The architect, Zaza Hadid. She designed the Morpheus Hotel Tower in Macau and so much more. It is a marvelous jewel-like structure with geometric threads. She is known for “the 89 degrees,” a world without straight angles.
What is your favorite quote in either business or art?
George Bernard Shaw said, “You use a glass mirror to see your face; you use works of art to see your soul.” And Georgia O’Keefe’s statement that “Nobody sees a flower really; it is so small. We haven’t time, and to see takes time—like to have a friend takes time.”
What other design awards have you won?
I have won Best in Jewelry at the Philadelphia Museum show and Best in Jewelry at various other retail craft shows.

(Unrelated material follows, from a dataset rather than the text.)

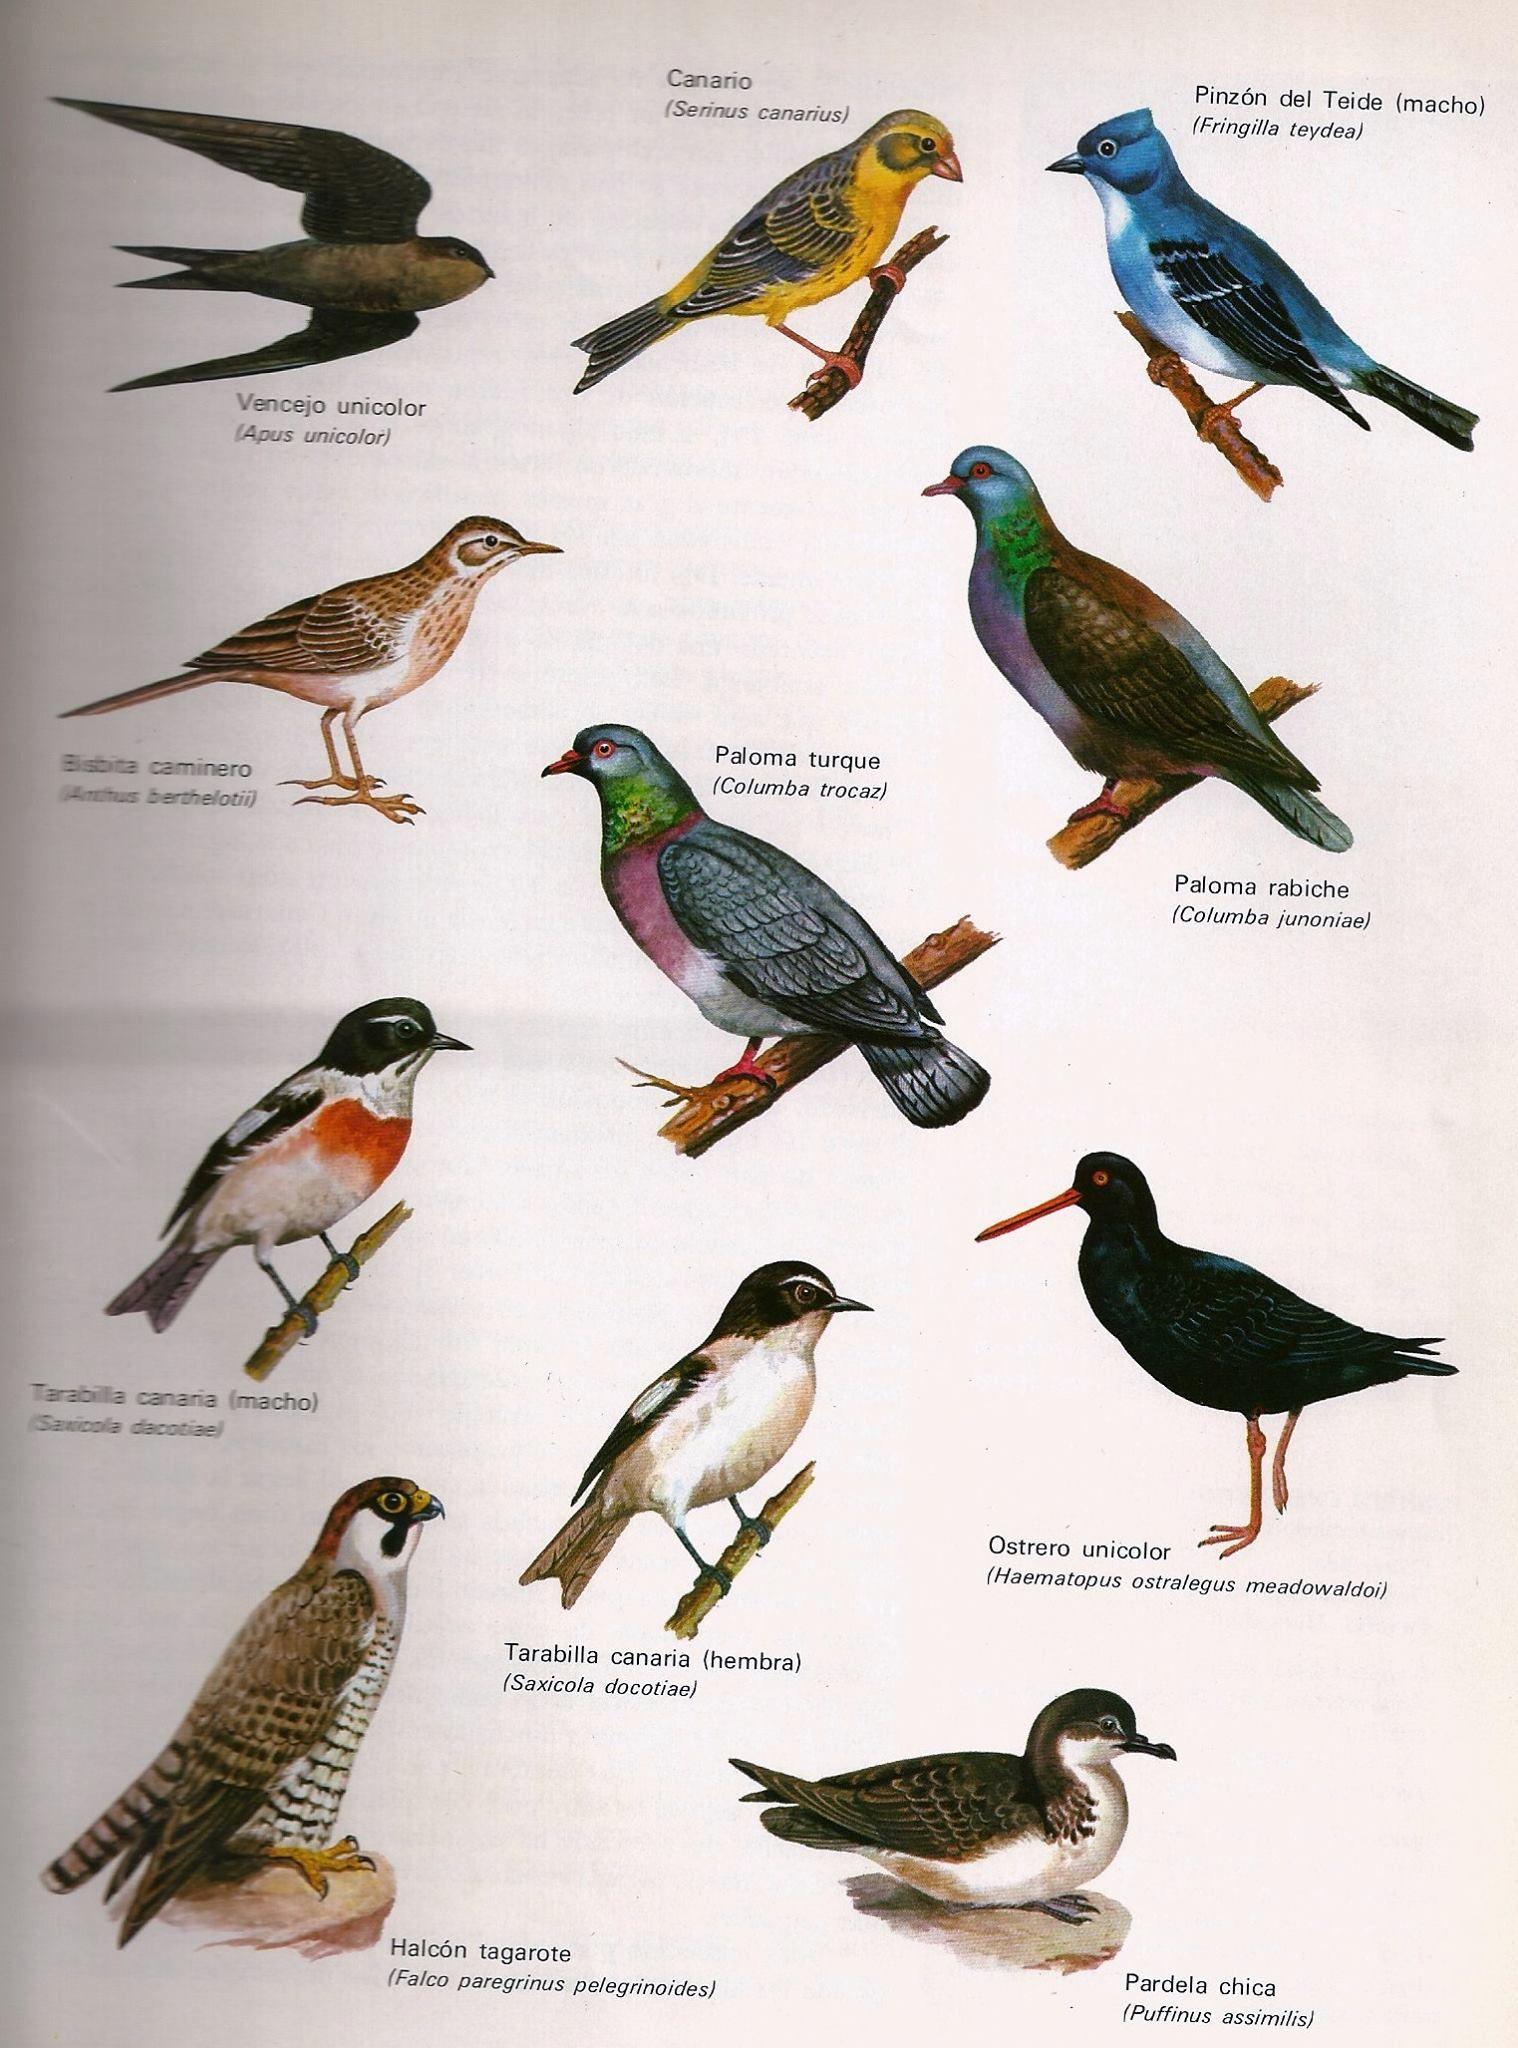 Pin de Roman Roman en ..Aves endémicas de Macaronesia (Canarias ...

What is the best advice you would give a beginning designer?
I would say don’t be afraid to challenge yourself and in doing so, be confident that there is a solution to every problem along the process. You can find a solution!

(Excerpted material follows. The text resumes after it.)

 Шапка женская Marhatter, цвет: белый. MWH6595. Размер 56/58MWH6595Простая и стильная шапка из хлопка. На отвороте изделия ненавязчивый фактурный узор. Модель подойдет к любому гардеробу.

What was your training/academic background in metalsmithing?
I started at Penn State University and then transferred to Millersville University in Lancaster where I continued my Fine Arts major. It was about two years later that I got into a jewelry-making class because it was always filled. I had three semesters of jewelry classes, and I knew immediately this was the medium I wanted to pursue. I learned the fundamentals at school. There was a set-up for stone cutting and polishing, and I began to cut cabochons. From that point on, I am self-taught.
What is your favorite tool?
My trim saw with 6” diamond-cutting blade.
Describe your studio.
I love the architecture of my studio, the post and beam. The space is airy and has good light, and it is out in the country. It is lovely and peaceful. It is my inner-sanctum.
What metals or gemstones are most important to you?
Silver and gold. But if I were to pick a stone, I love to inlay opals and Australian tiger iron because they have such a life to them. These stones have to be carefully cut and oriented to maximize their look.
Define your work?
I seek a purity of design with an aesthetic governed by the principle of Sacred Geometry, present in all manner of living/non-living things, biological and cosmic. It is a thoughtful process, not lending itself to spontaneity but rather an orchestration of aesthetics, design, engineering and construction.